Once we took the value of -6 from "right", it is time to move the right index to the next number:
We continue with the next pair of numbers from left and right. In this case the value in "left" is smaller, so:
result = 0;
These steps will continue until all the numbers are filled in the "result" array.
Here is a flow chart for the merging:
Merge sort is a recursive algorithm. As we said earlier it divides the array recursively until all sub-arrays are of size 1 or 0. Then it merges them by pairs into small sorted arrays and continues the process until all sub arrays are merged into one sorted array.
If you don't know what a recursion is this might seem really confusing. Recursion is a function which calls itself. Every recursion must have a base case which interrupts the calls and returns a result for the previous call. In our case the base is when the sub arrays are small enough so that they are trivially sorted(size 1 or 0).
The flow chart below describes the procedure. You can see that it consists of several major parts:
You probably noticed that the speed of this algorithm comes at the price of the extra space taken.
This is the space that we need to create the extra left and right arrays. Since they are half the size of the original array, we will need 2 * N/2 extra space.
Also it uses several index variables to work with these arrays. Note that when we work with large arrays these will be insignificant. In other words merge sort uses N extra space for the left and right.
This is a lot, compared to most of its rivals. For that reason people invented implementations that use N/2 or even in-place O(1) extra space. Anyway, the in-place version worsens the time complexity and it is not used much in practice.

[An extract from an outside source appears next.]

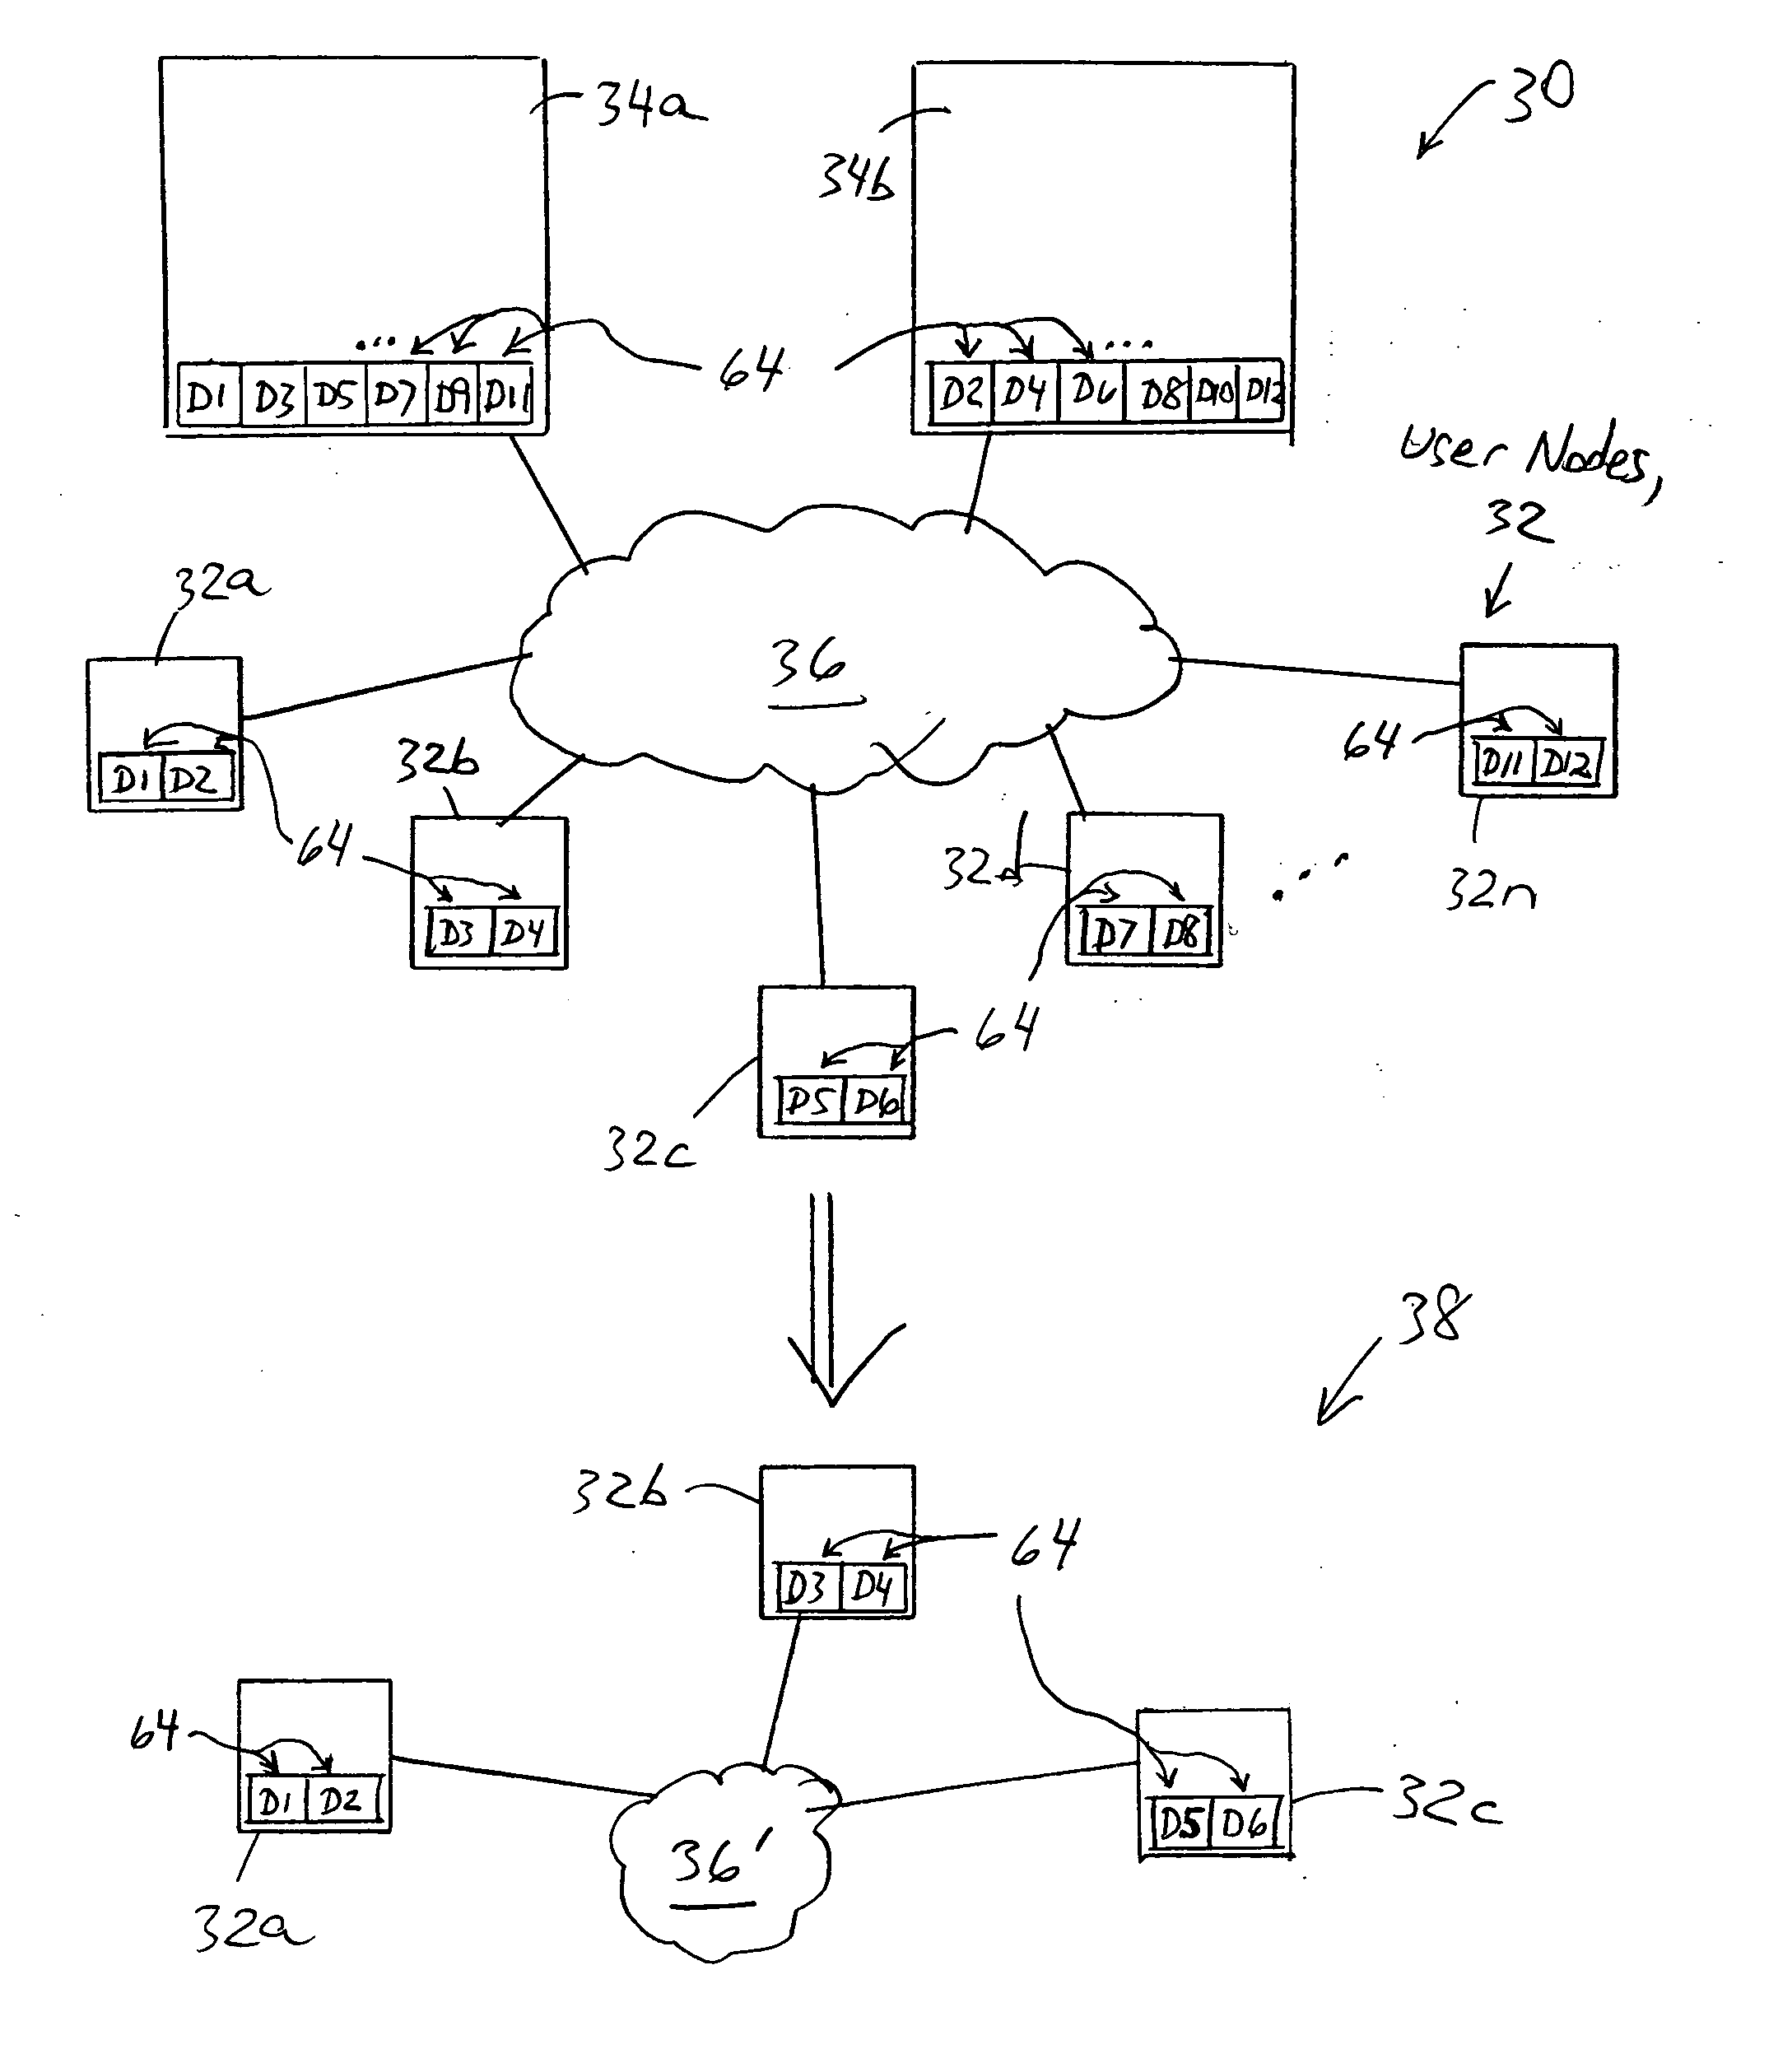 Arrangement for recovery of data by network nodes based on retrieval of encoded data distributed among the network nodes

This analysis is more complex and need some visualization. Consider the first picture above where we sorted the array with 8 elements. The upper half of the graph only splits the array. Note that the actual work is done in the merging routine. It is called only in the bottom half of the graph. Therefore the major part of the time is spend in that half. For that reason we can ignore the split time(the upper half of the picture) in the asymptotic calculations.
A question: How many levels does the second half has? The answer is log(n). That is because with each subsequent level the number of arrays to be merged is cut in half.
A second question: How much work is done in each merge level? The answer is n. In fact it is closer to n/2, but in asymptotic calculations the constant factors are ignored. We will come back later to this.
So, if the tree has log(n) levels and each level does O(n) work, what is the complexity of the algorithm? That's right - O(n*log(n)).
As we said a number of optimizations are made in order to reduce the space complexity. This is more important when the algorithm is used to sort large amount of data such as files, or tapes in the past.
Another interesting optimization is to make merge sort adaptive. The idea is to check if the array is already sorted. If that is the case the recursion is interrupted and the sorted array is returned immediately. Although it seems "a must" it adds many additional compares even when they are not necessary.
Our test showed that this reduces the gain for random data and small structures(n < 100 000). The adaptation is much more useful if the data is at least partially sorted(the gain could be over 30% on average) or the number of elements is big. With random data and small volumes(n < 100 000) the adaptation actually slows the sort by 1-5%.
Most other algorithms will perform terribly bad with sequential data structures such as files and linked lists. In these structures accessing a random element takes linear time, instead of the regular constant time. The nature of merge sort makes it fast for such data structures.
One of the best features of this sorting is its low number of compares. It makes O(n * log(n)) number of compares, but the constant factor is very good, compared to qucksort. This makes it very useful when the compare function is a very slow operation.
The divide-and-conquer nature of merge sort makes it very convenient for parallel processing. Both the split and merge routines could be optimized for parallel execution.
In many implementations the algorithm switches to insertion sort when the sub-arrays are small(below 10 elements).